China-Singapore Jingwei, January 7th. On the 7th, the three major A-share indexes opened higher, and then the trend diverged. The ChiNext stock index fluctuated down, and it stood at 3100 points at midday.

The Shanghai Composite Index rose 0.35% to 3,598.62 points. The Shenzhen Component Index fell 0.20% to 1,440.67 points. The GEM index fell 0.81% to 3102.01 points.

On the disk, oil and gas exploration and services, new crown inspection, combustible ice and other sectors led the two markets. Soybean, planting and forestry sectors were among the top decliners, and high-prosperity circuits such as lithium batteries, energy storage, and photovoltaics were once again in a downturn.

Up to now, the ratio of all trading stocks in Shanghai and Shenzhen stocks is 1498:3080, with 46 daily limit and 7 daily limit.

In terms of northbound funds, the morning net inflow of northbound funds exceeded 7.2 billion yuan, of which the inflow of Shanghai Stock Connect exceeded 6.1 billion, and the inflow of Shenzhen Stock Connect exceeded 1 billion.

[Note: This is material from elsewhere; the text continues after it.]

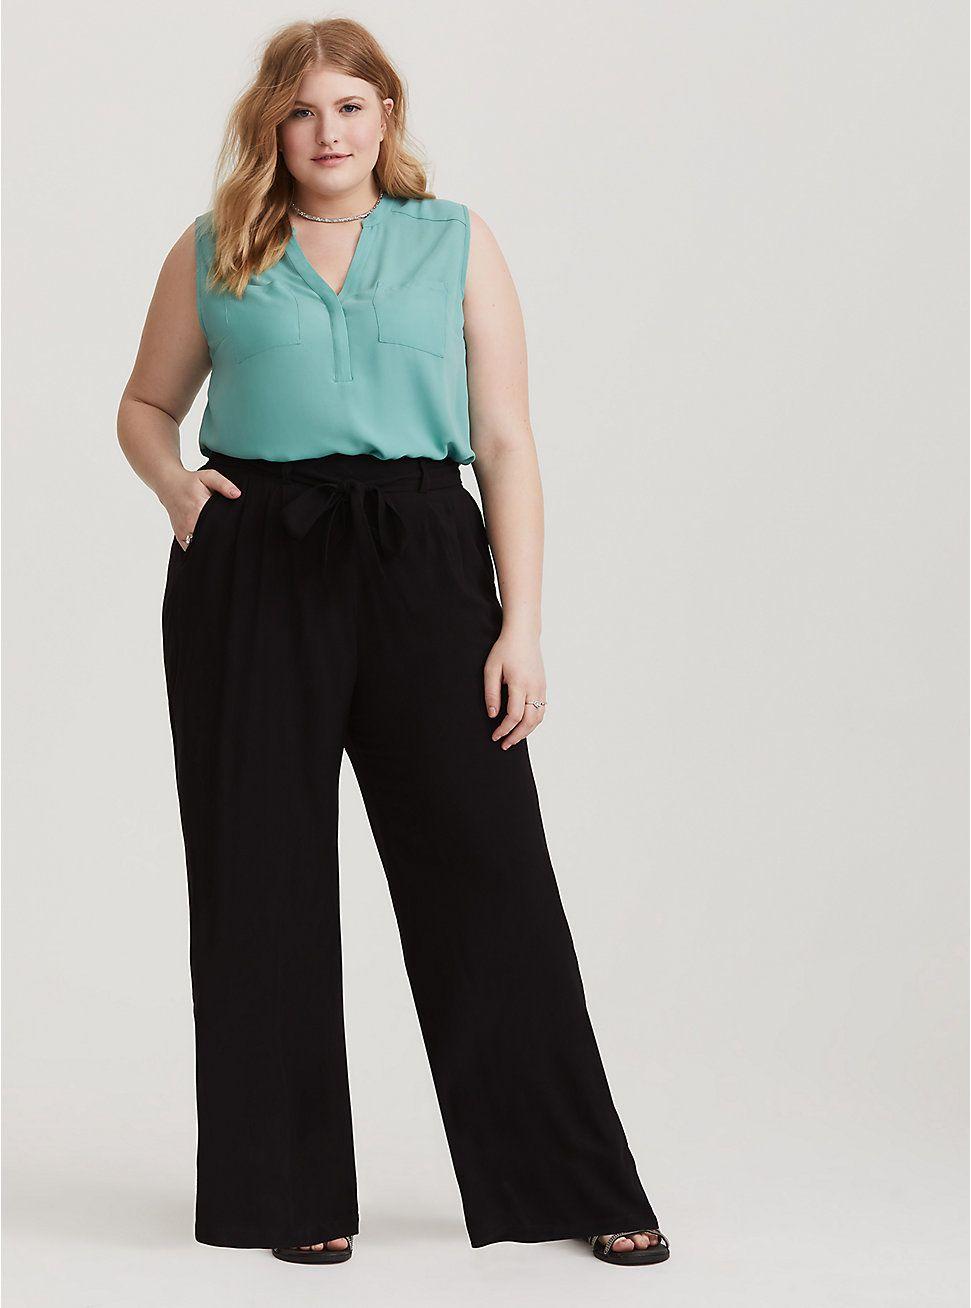 Tie Waist Wide Leg Pant Black Challis Wide Leg Trousers Outfit Wide Leg Pants Outfit Plus Size Business Attire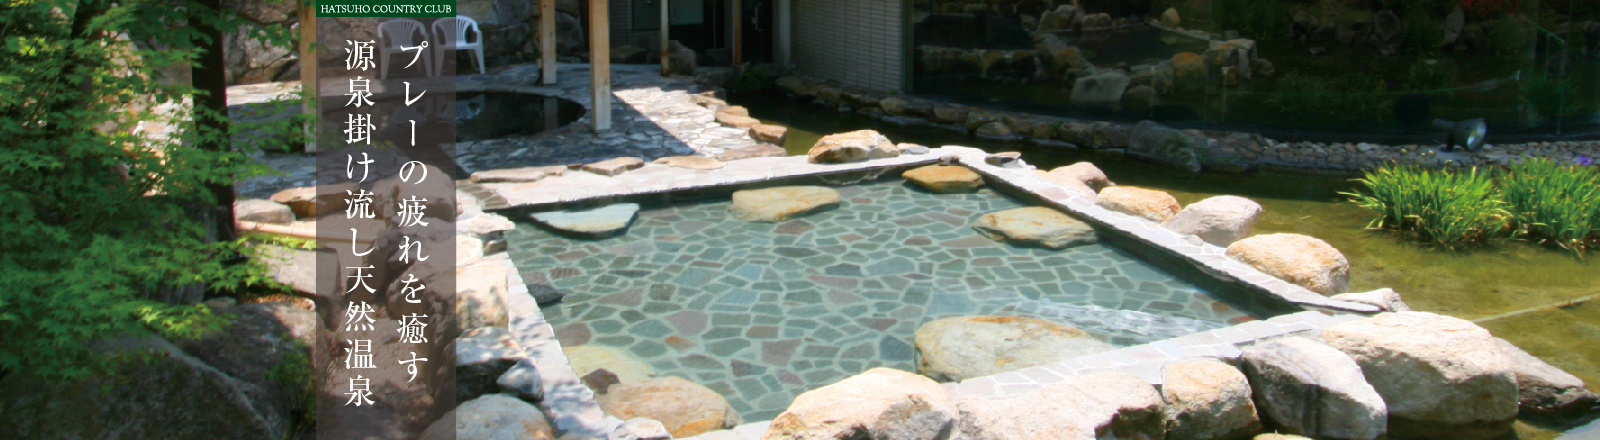 温泉|プレーの疲れを癒す源泉掛け流し天然温泉

In terms of individual stocks, the current daily limit shares are as follows: Jingcheng shares (10.02%), Hubei Broadcasting (10.01%), Cuiwei shares (10.04%), Jiaoda Ongli (9.95%), Yiling Pharmaceutical (9.99%).

The limit-down stocks are as follows: Yongxing Materials (-10.00%), Yueyang Xingchang (-10.01%), Guoxin Health (-10.01%).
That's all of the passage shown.